• ASSIGNMENT
Using the records that follow, reproduce exactly the lines starting at the line containing "Капитализация Apple в" and ending at the line containing "Oceania-2 - 大写字母/小写字母/数字". Include both end lines and no pictures.
--- SUPPLIED RECORDS ---
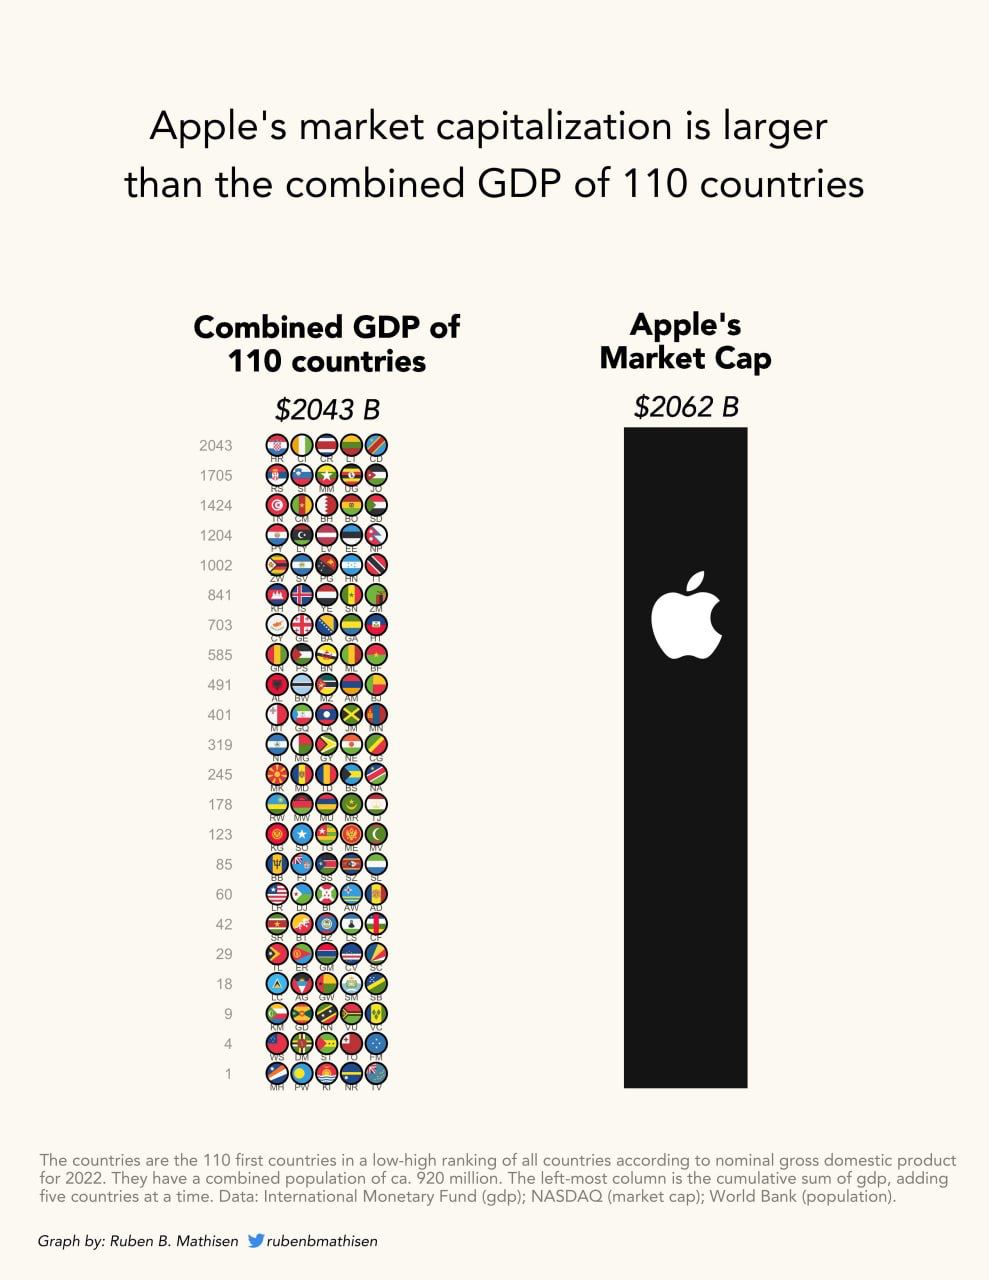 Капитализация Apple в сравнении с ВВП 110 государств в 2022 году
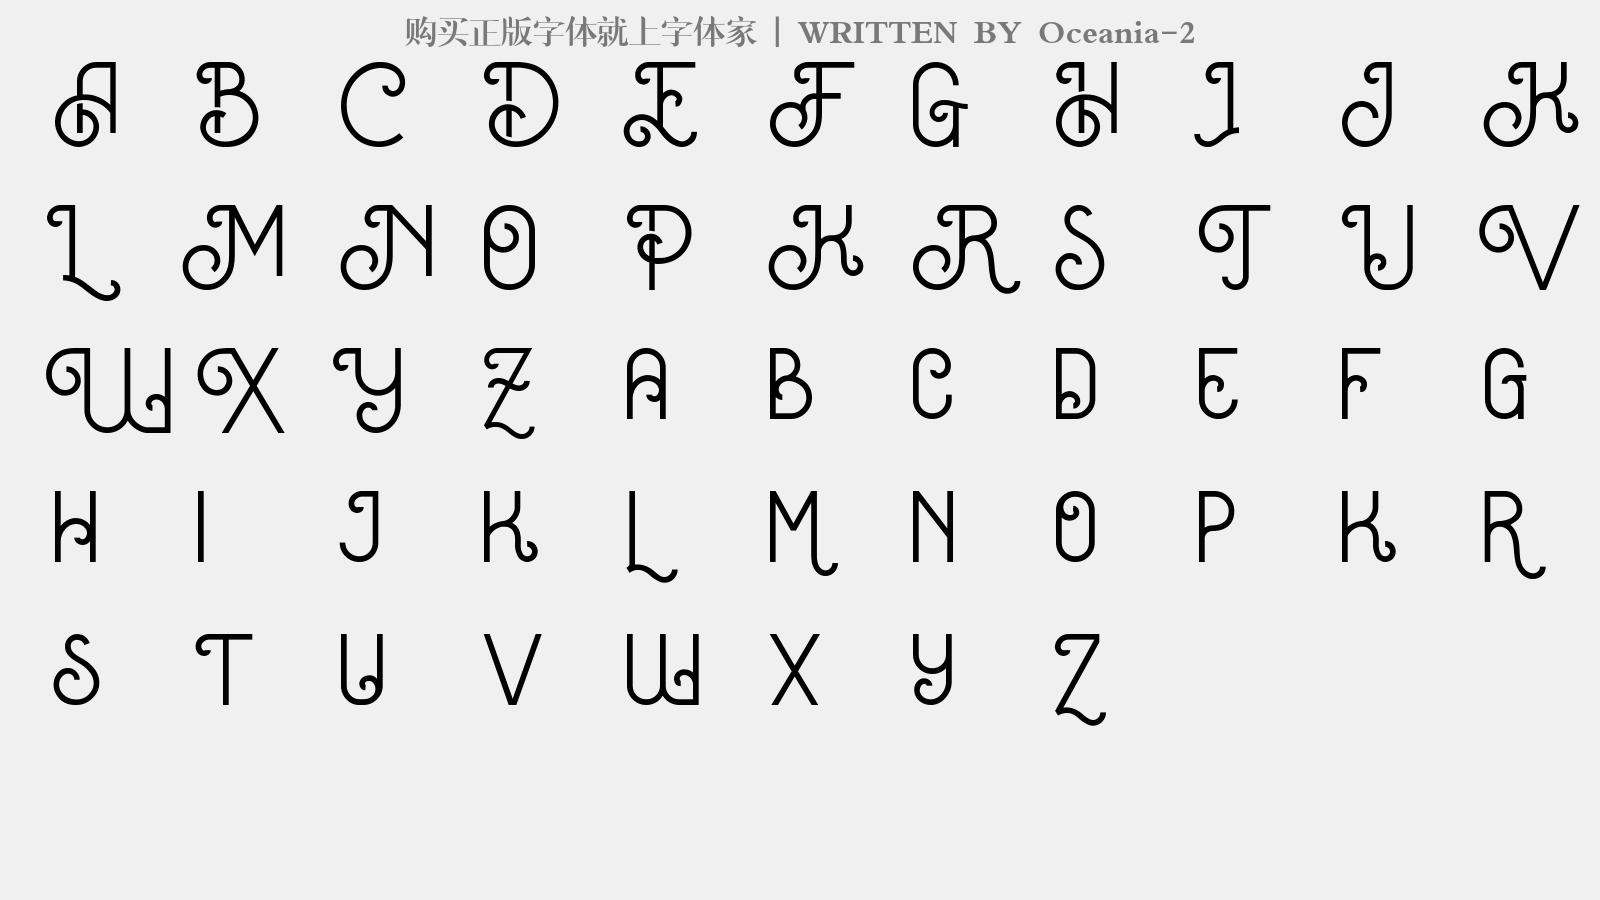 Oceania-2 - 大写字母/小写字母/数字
---
--- SUPPLIED RECORDS ---
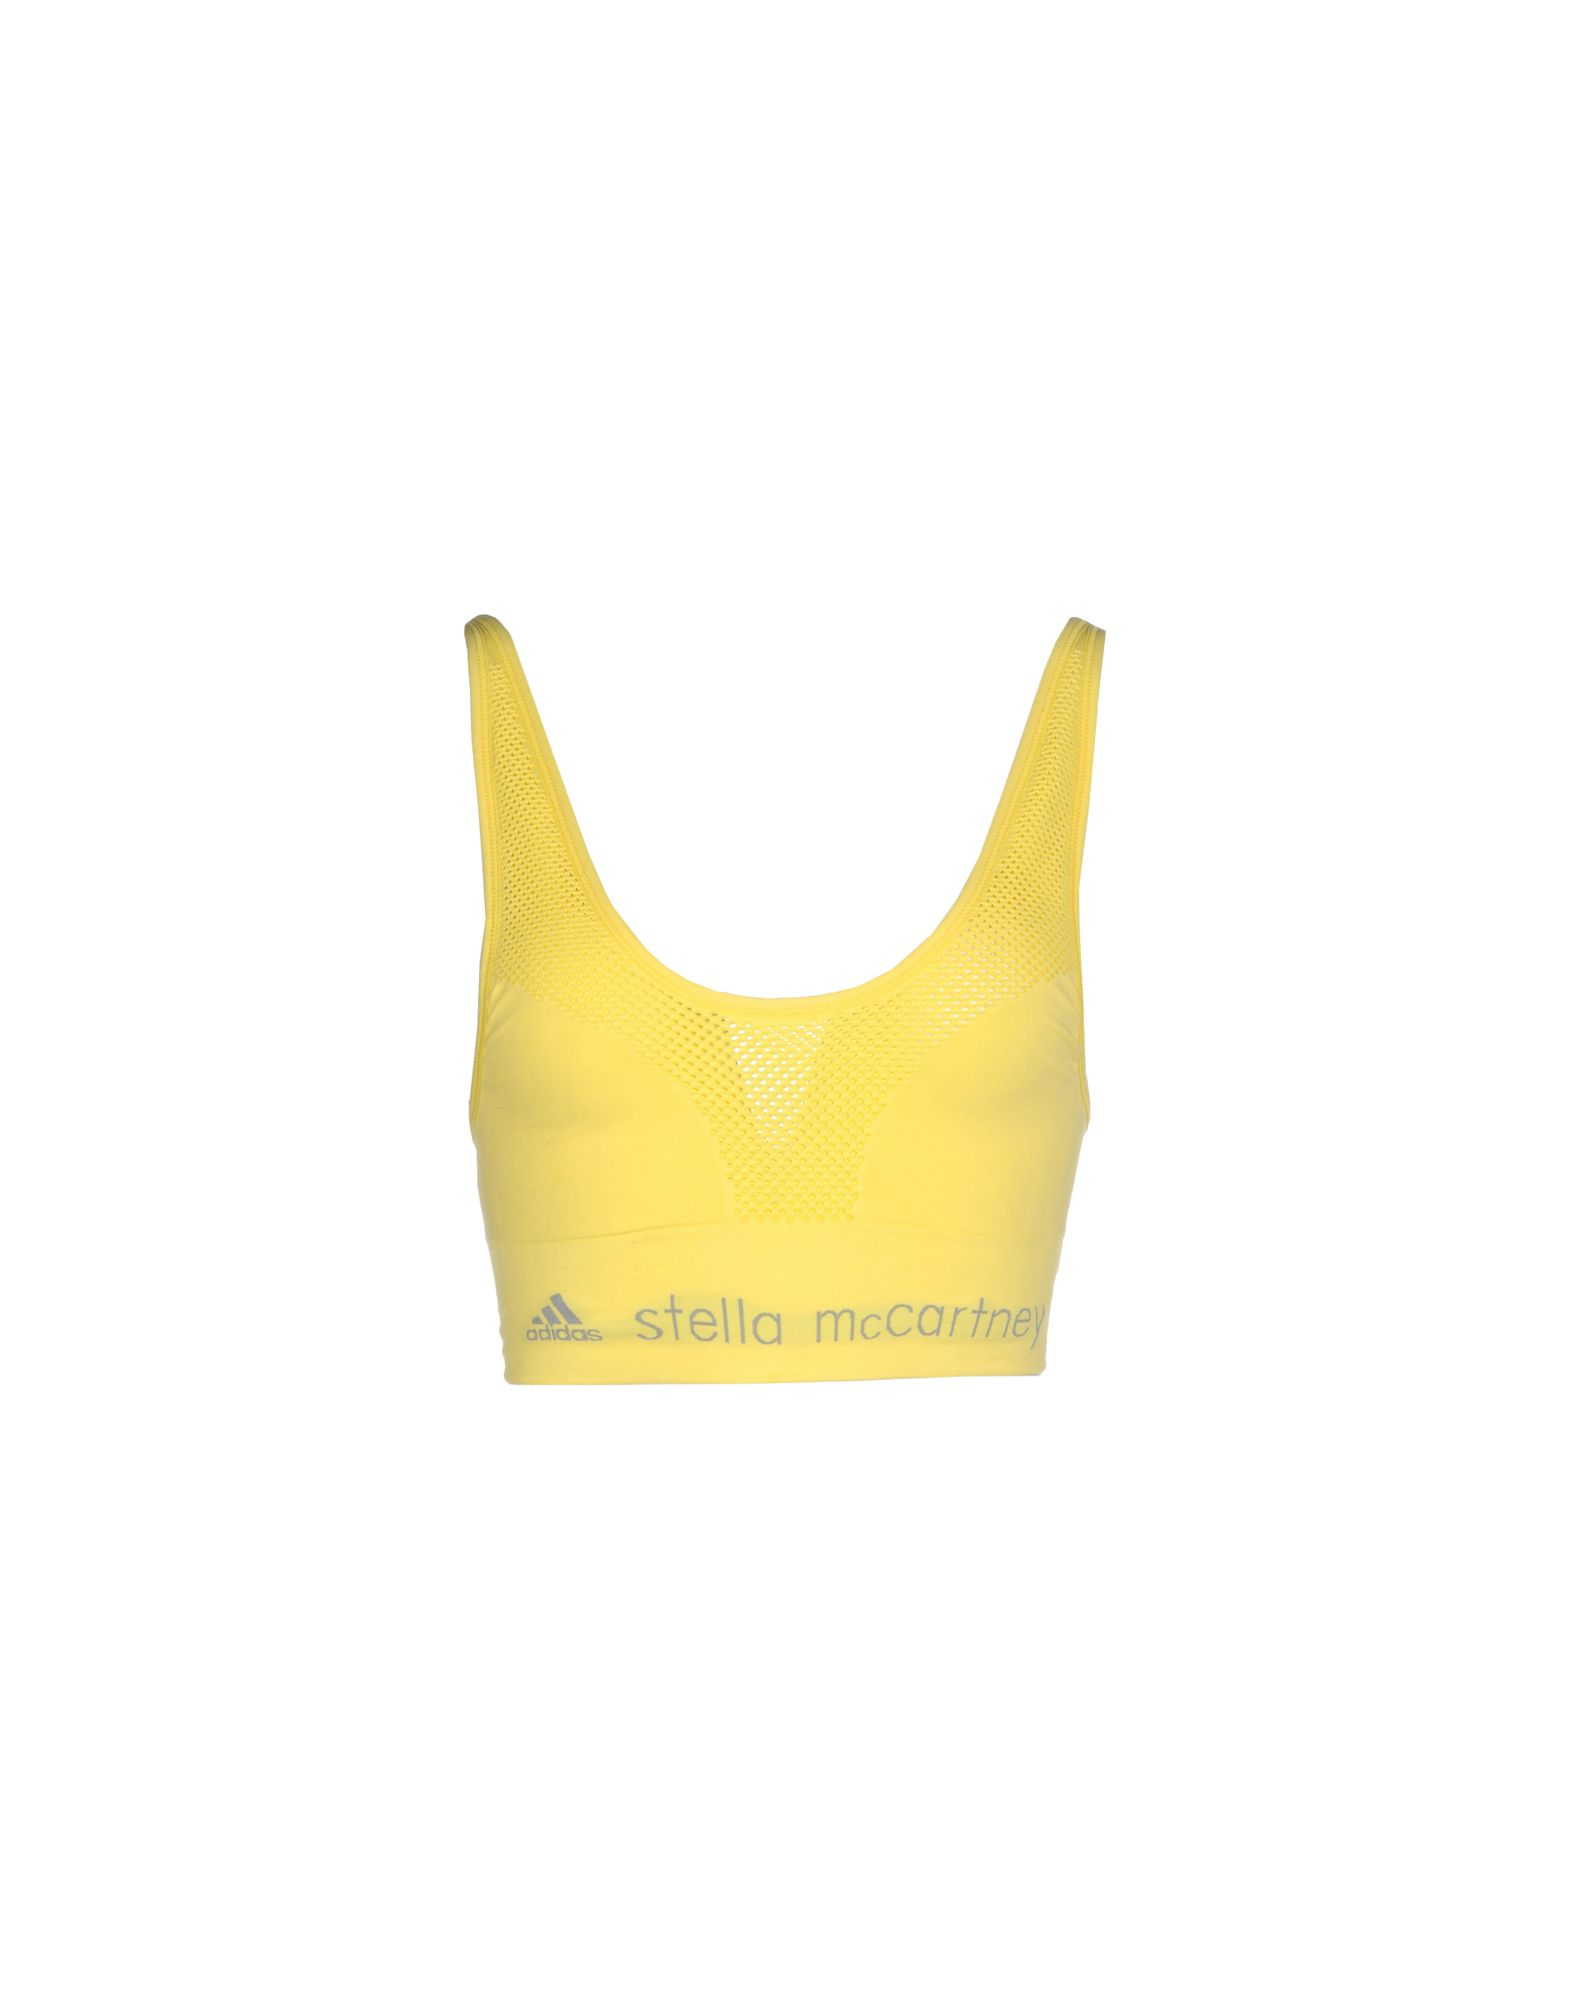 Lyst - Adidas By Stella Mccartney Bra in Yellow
---
--- SUPPLIED RECORDS ---
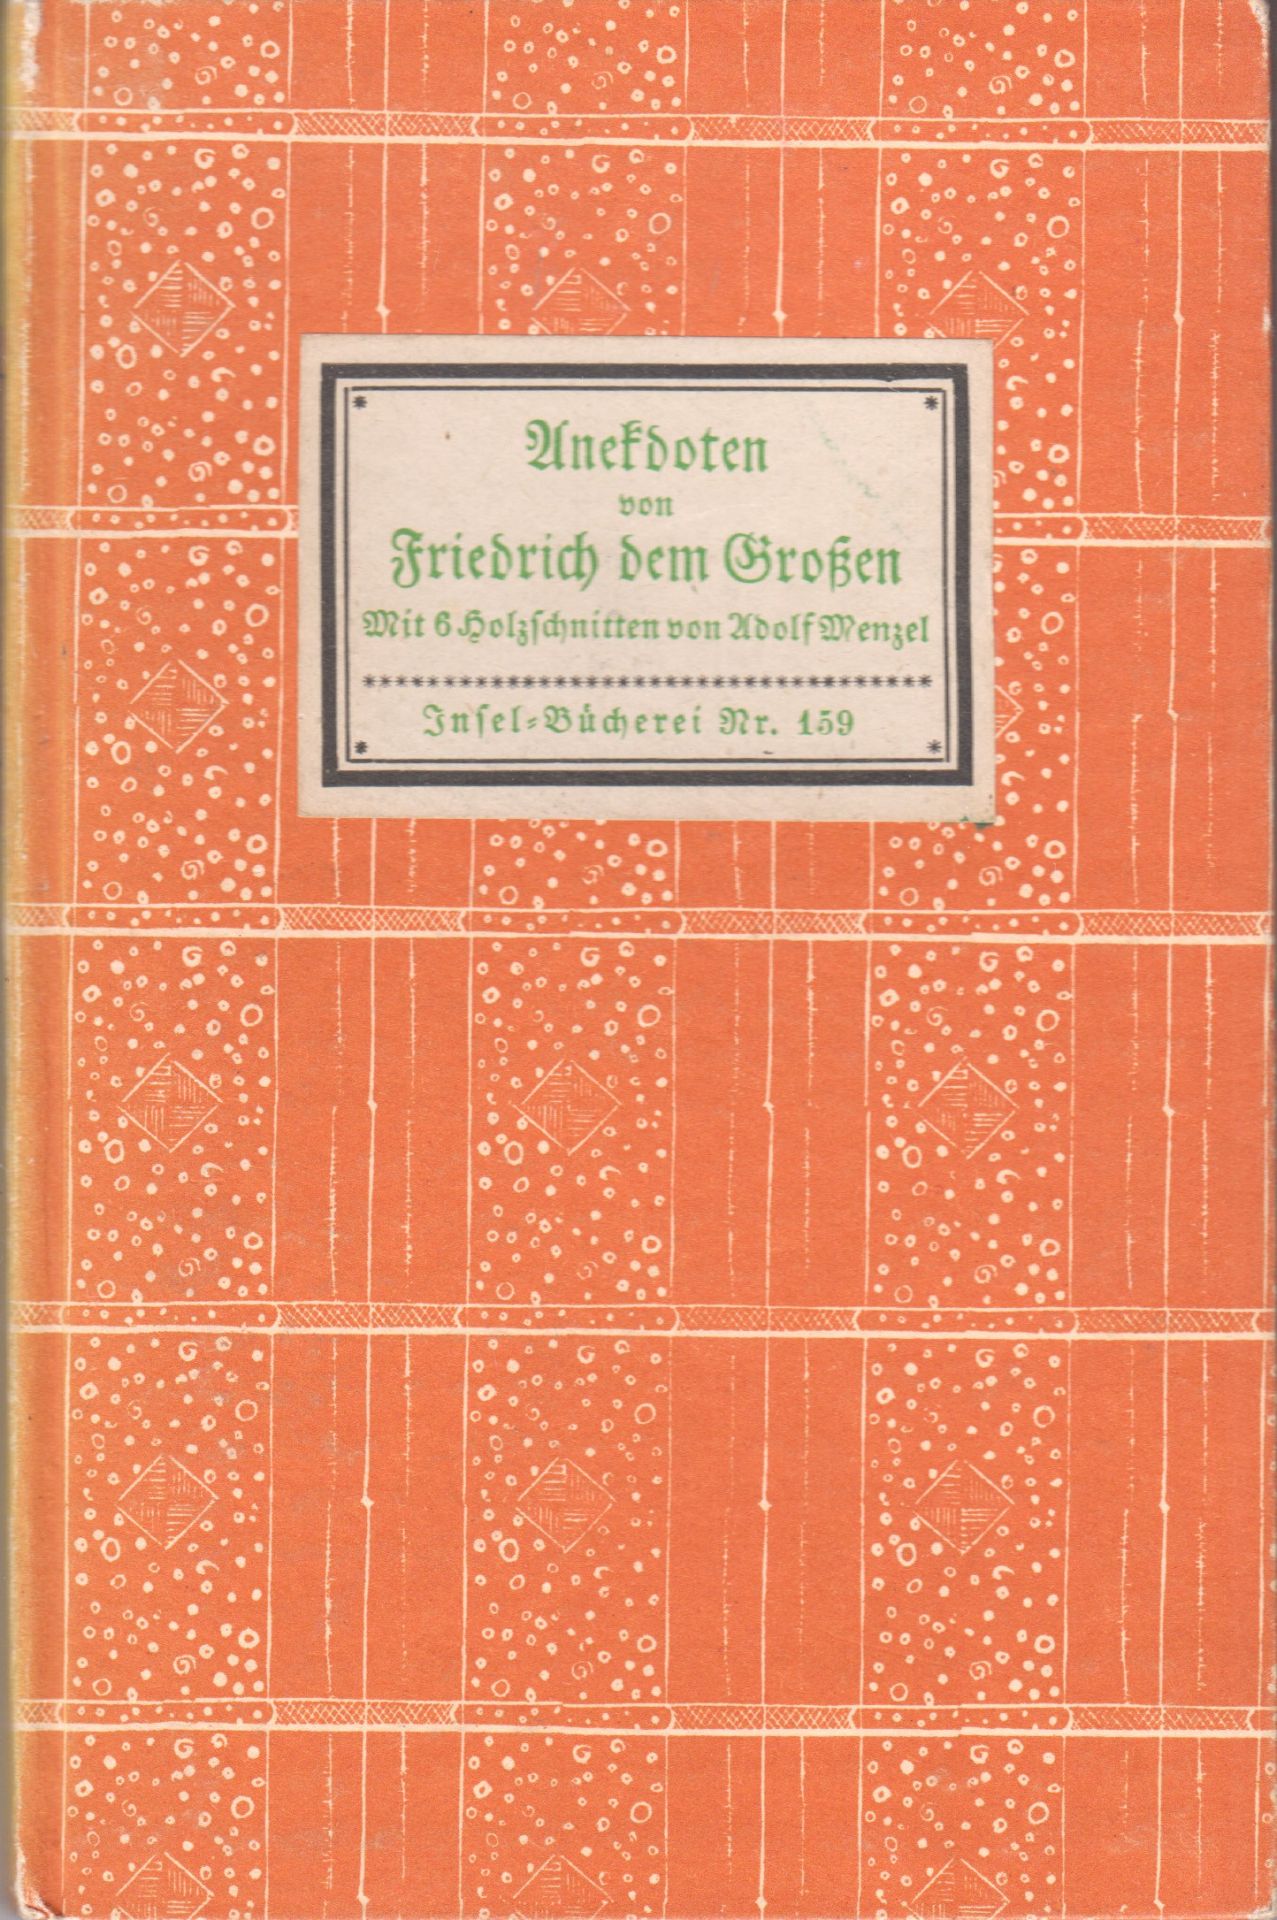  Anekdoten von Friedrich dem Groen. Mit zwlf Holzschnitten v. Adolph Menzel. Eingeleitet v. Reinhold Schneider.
---
• TASK SOLUTION
 Капитализация Apple в сравнении с ВВП 110 государств в 2022 году
 Oceania-2 - 大写字母/小写字母/数字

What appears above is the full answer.